Search code examples
gitdiffpandocgit-diffgit-add

git diff not working with Word document, --intent-to-add, and pandoc diff driver


Several tutorials ([1], [2], [3]) that can be found on the internet suggest the following configuration for diffing Word documents tracked by git.

  1. Configure a "pandoc" diff driver with the following settings:

    [diff "pandoc"]
        textconv=pandoc --to=markdown
        prompt = false
    
  2. Add the following to your .gitattributes file:

    *.docx diff=pandoc
    

This seems to work fine except when trying to diff an untracked Word document after indicating intent to add it to the git repository. Does anyone know why this isn't working in this case?

Here are the steps to reproduce, assuming the following configuration detailed above.

  1. Create a Word document in a git repository

    touch my_document.docx
    
  2. Open the file in Microsoft Word, add some content to the Word document (e.g, the characters "asdf"), and save it

  3. Indicate your intent to add the document

    git add -N my_document.docx
    
  4. Try to see the diff:

    git diff my_document.docx
    #> couldn't parse docx file
    #> fatal: unable to read files to diff
    

With git version 2.17.1 on macOS, I end up with a "fatal: unable to read files to diff" error. However, just adding the file to the index and then running git diff --cached results in the following diff:

diff --git a/my_document.docx b/my_document.docx
new file mode 100644
index 0000000..17f1b0d
--- /dev/null
+++ b/my_document.docx
@@ -0,0 +1 @@
+asdf

Why doesn't the diff driver work with git add -N?


Solution

  • This is ultimately due to the fact that pandoc --to=markdown /dev/null/ correctly returns nothing without erroring out, whereas pandoc --to=markdown a/my_document.docx errors out just in case a/my_document.docx is an empty file.
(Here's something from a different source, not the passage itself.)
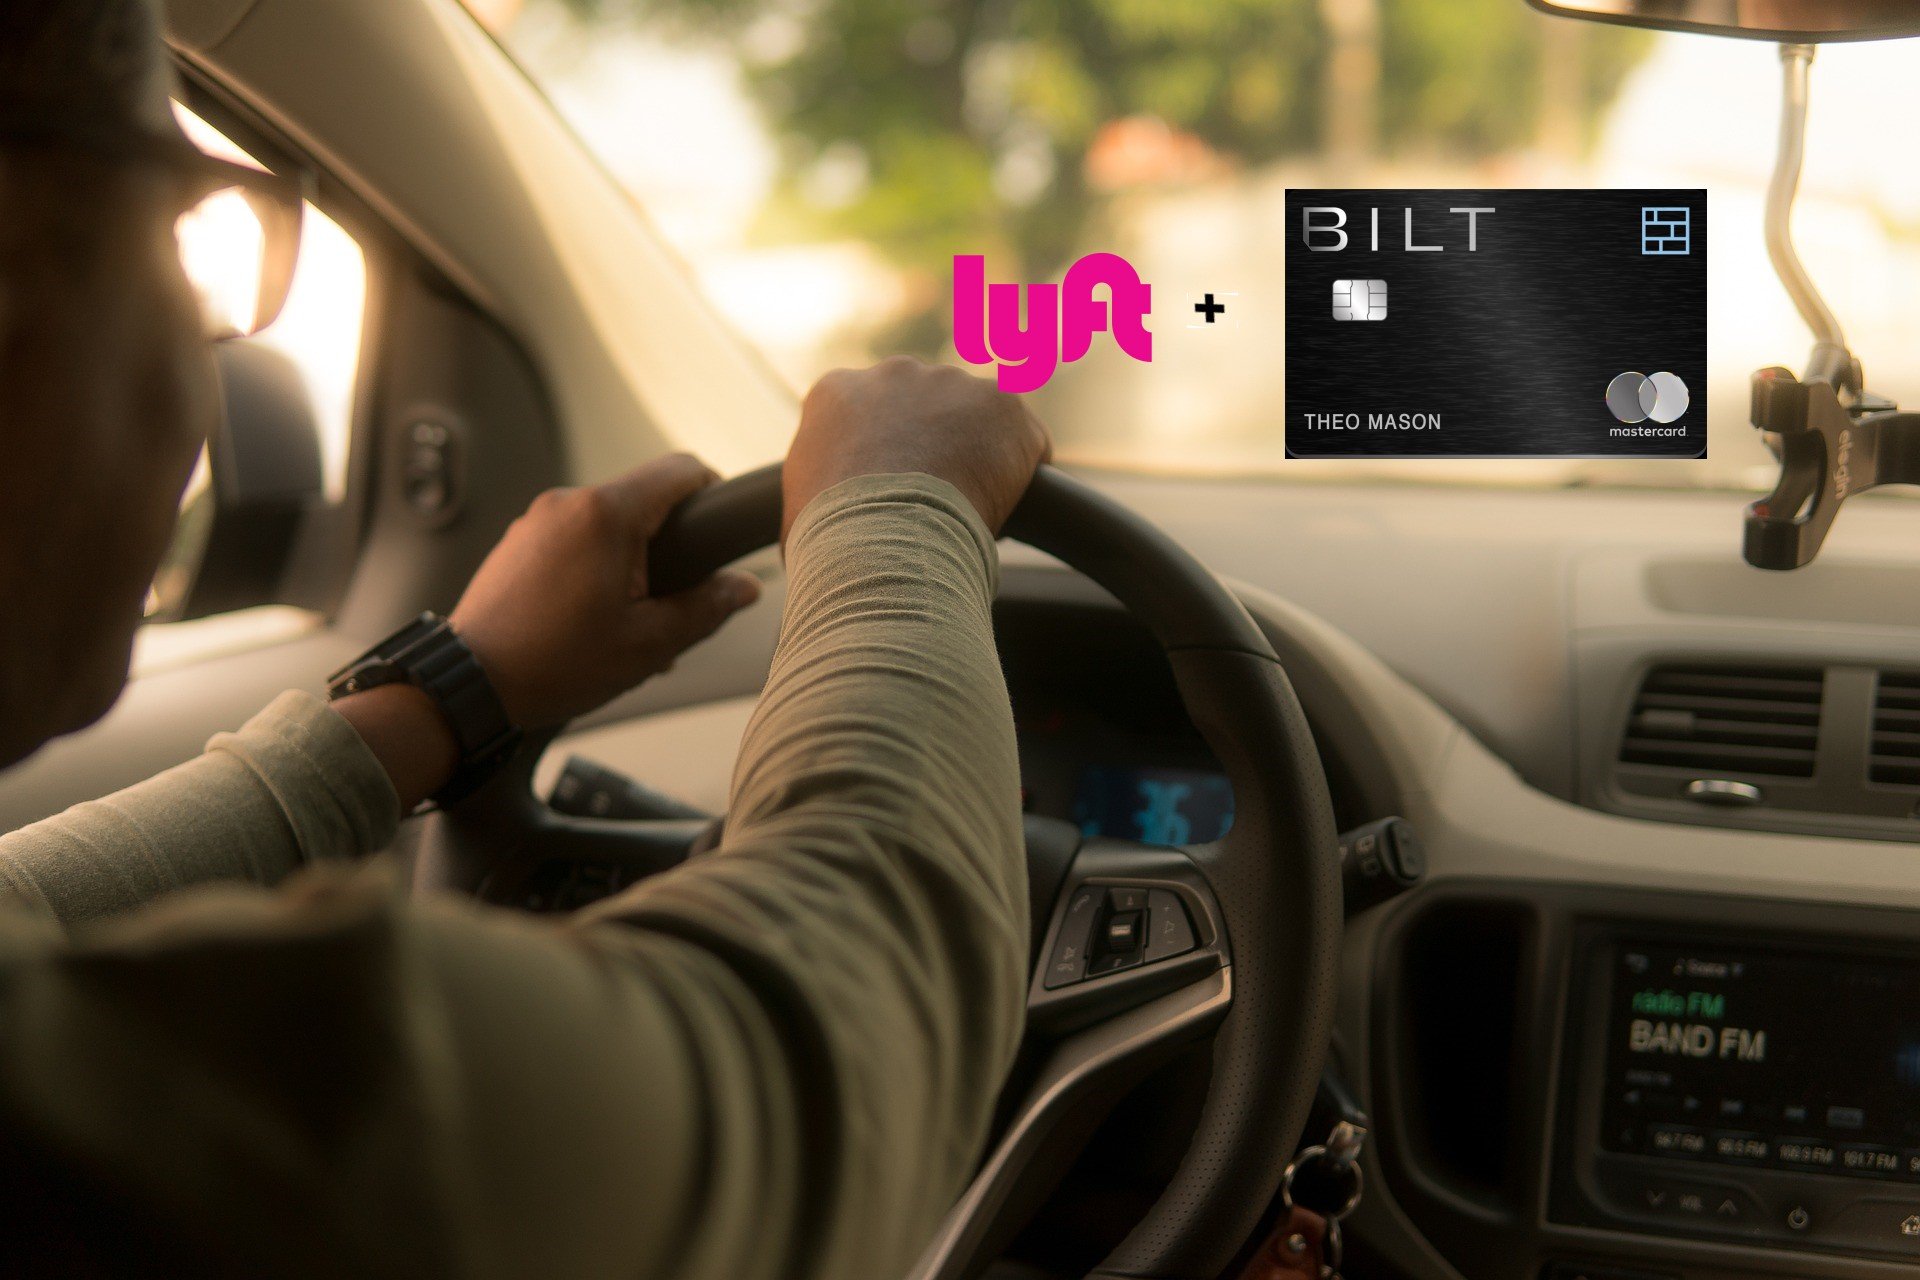 Bilt Mastercard Now Earns 5X points on Lyft rides when using the Bilt Mastercard and linking account to Lyft

    So in the case where you've added my_document.docx to the index for the first time and then run git diff --cached to compare the index to HEAD, the comparison will be against /dev/null, and everything will work just fine.

    However, in the case where you've indicated your intent to add a new file, my_document.docx, with git add -N, an empty file with the same name will be added to the index. In this case, pandoc will error out when trying to convert the empty file in the index to Markdown.